No. 1 – Indianapolis Colts
- Position: Cornerback
- Roster status: Active

Personal information
- Born: August 31, 2001 (age 25) Detroit, Michigan, U.S.
- Listed height: 6 ft 3 in (1.91 m)
- Listed weight: 190 lb (86 kg)

Career information
- High school: Martin Luther King Jr. (Detroit)
- College: Cincinnati (2019–2021)
- NFL draft: 2022: 1st round, 4th overall pick

Career history
- New York Jets (2022–2025); Indianapolis Colts (2025–present);

Awards and highlights
- NFL Defensive Rookie of the Year (2022); 2× First-team All-Pro (2022, 2023); 2× Pro Bowl (2022, 2023); PFWA All-Rookie Team (2022); AAC Defensive Player of the Year (2021); Consensus All-American (2021); First-team All-American (2020); 3× First-team All-AAC (2019–2021);

Career NFL statistics as of Week 2, 2026
- Total tackles: 224
- Sacks: 1
- Forced fumbles: 1
- Pass deflections: 50
- Interceptions: 3
- Stats at Pro Football Reference

= Sauce Gardner =

American football player (born 2001)

Ahmad "Sauce" Gardner (born August 31, 2001) (Note: Originally incorrectly reported as August 31, 2000. See: James Boyd, "Wait, how old is Sauce Gardner? Colts CB clears up confusion about his age," New York Times, June 18, 2026.) is an American professional football cornerback for the Indianapolis Colts of the National Football League (NFL). He played college football for the Cincinnati Bearcats and was selected fourth overall by the New York Jets in the 2022 NFL draft. Gardner was named the NFL Defensive Rookie of the Year and was the first rookie cornerback since Ronnie Lott in 1981 to be named first-team All-Pro.

==Early life==
Gardner was born on August 31, 2001, in Detroit, Michigan. He attended Martin Luther King Jr. Senior High School, where he played wide receiver and cornerback on their football team. In the Division 2 State Championship, Gardner caught four passes for 126 yards and two touchdowns. After the season, Gardner was named an All-State selection at cornerback by the Associated Press.
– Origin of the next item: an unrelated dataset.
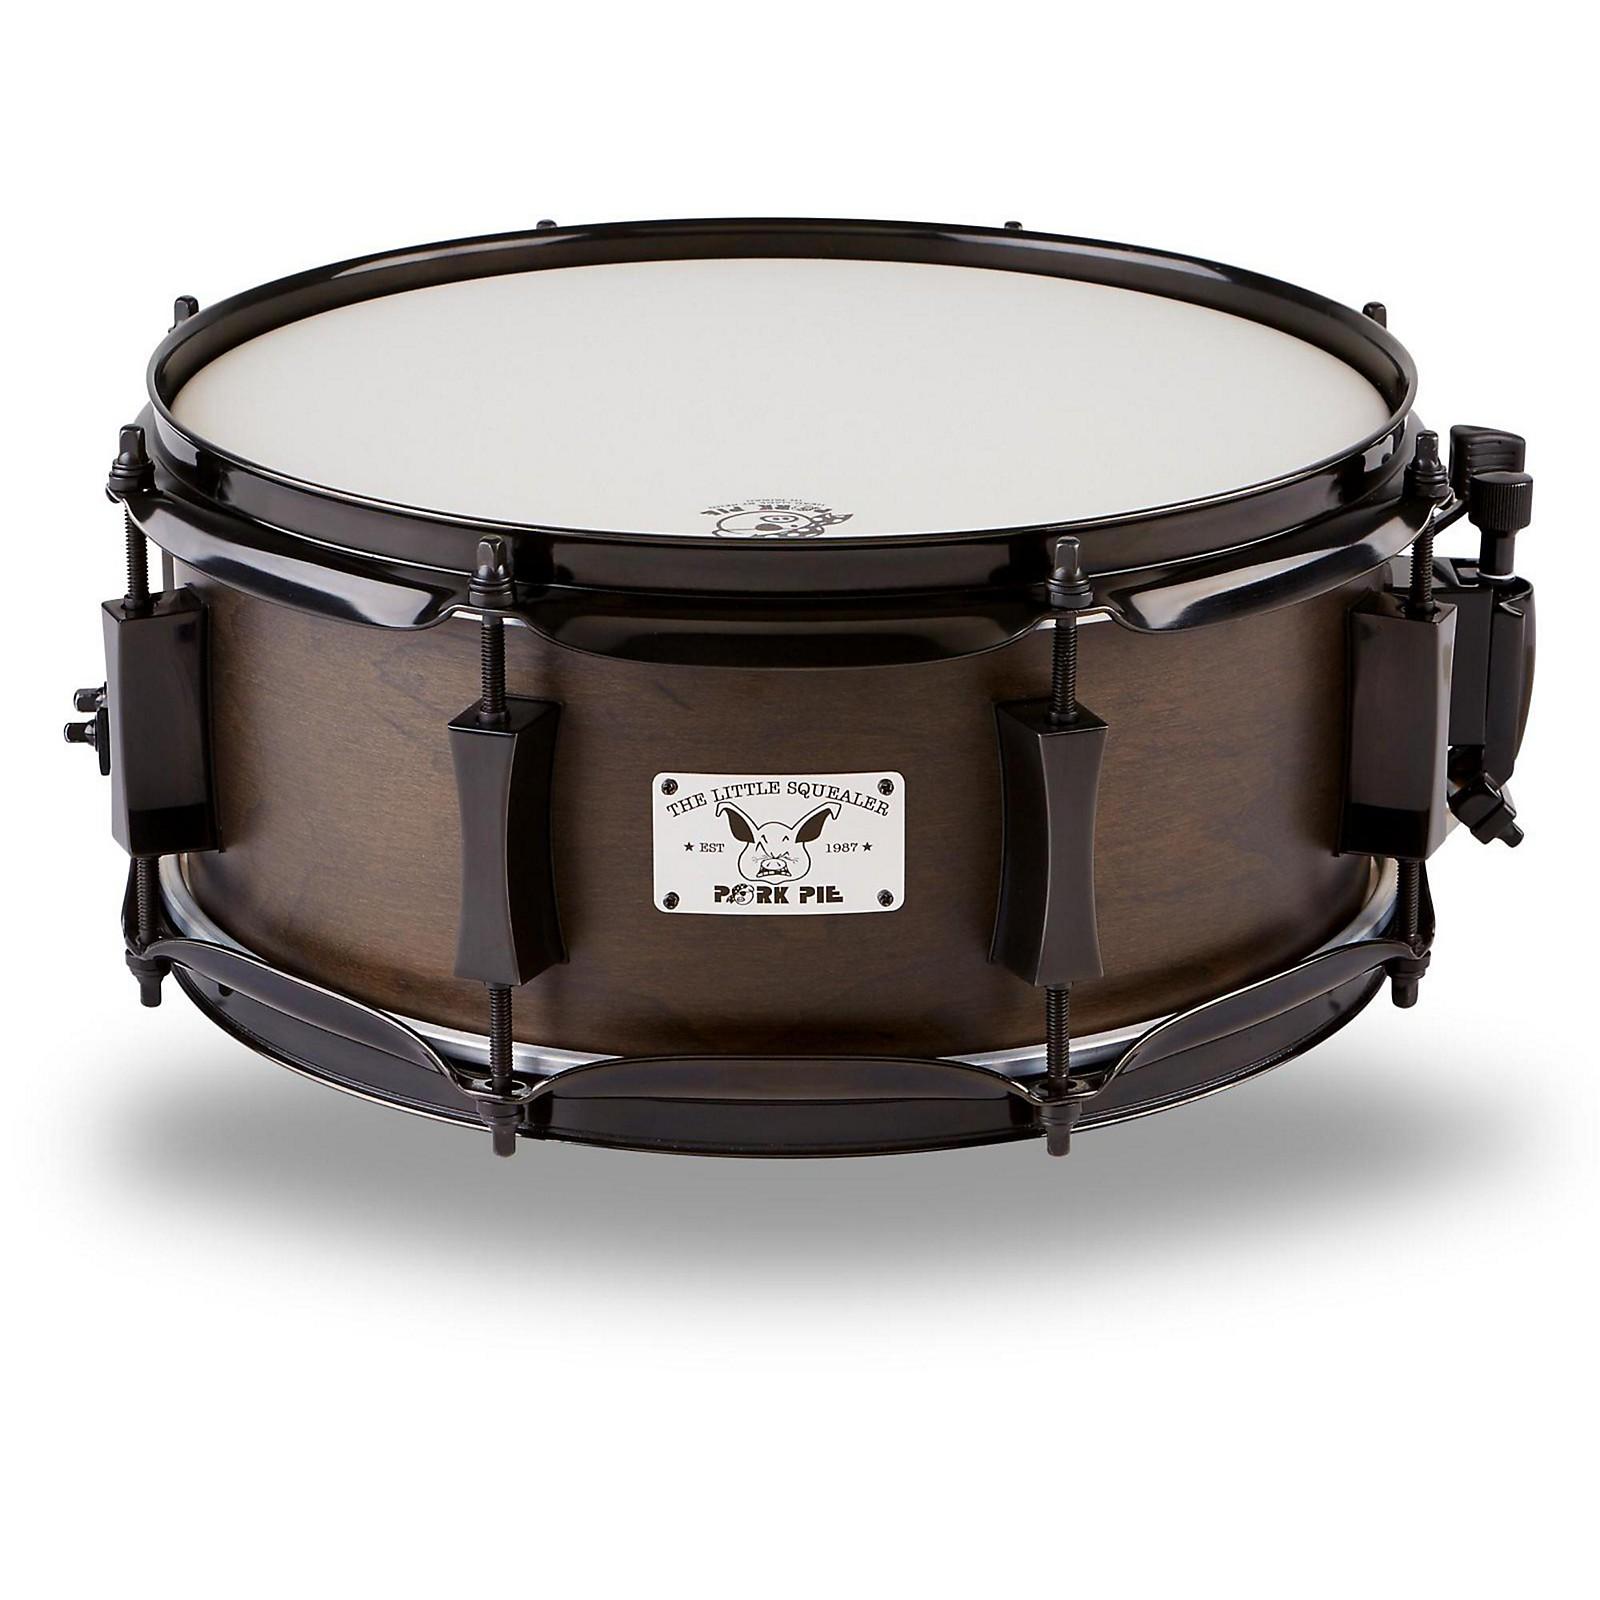 Pork Pie Little Squealer Maple Snare Drum

A three-star cornerback recruit, Gardner committed to play college football at Cincinnati over offers from Akron, Alabama A&M, Ball State, Bowling Green, Central Michigan, Colorado State, Indiana, Iowa State, Kentucky, Northern Illinois, Syracuse, Toledo, Western Michigan, and Youngstown State.

==College career==
In 2019, his true freshman season, Gardner played in 11 games. He had 31 tackles and three interceptions, two of which he returned for touchdowns. He also tallied 11 passes defended and eight pass breakups. After the season, Gardner was the only true freshman named to the American Athletic Conference first-team. As a sophomore in 2020, Gardner began the season atop the depth chart as a starter. As a junior, Gardner was voted to the 2021 College Football All-America Team and named the AAC Defensive Player of the Year en route to helping Cincinnati become the first Group of Five team to reach the College Football Playoff. He declared for the 2022 NFL draft following the season.

==Professional career==
===Pre-draft===
ESPN analyst Mel Kiper Jr. and NFL analysts Daniel Jeremiah and Bucky Brooks ranked Gardner as the top cornerback prospect in the draft. Dane Brugler of The Athletic and Rob Rang of Fox Sports ranked him as the second best cornerback in the draft. Pro Football Focus had him ranked third among all cornerbacks available in the draft. Cory Giddings of Bleacher Report had Gardner ranked as the second best cornerback (11th overall) among his position group. NFL draft analysts and scouts unanimously projected him to be selected in the first round.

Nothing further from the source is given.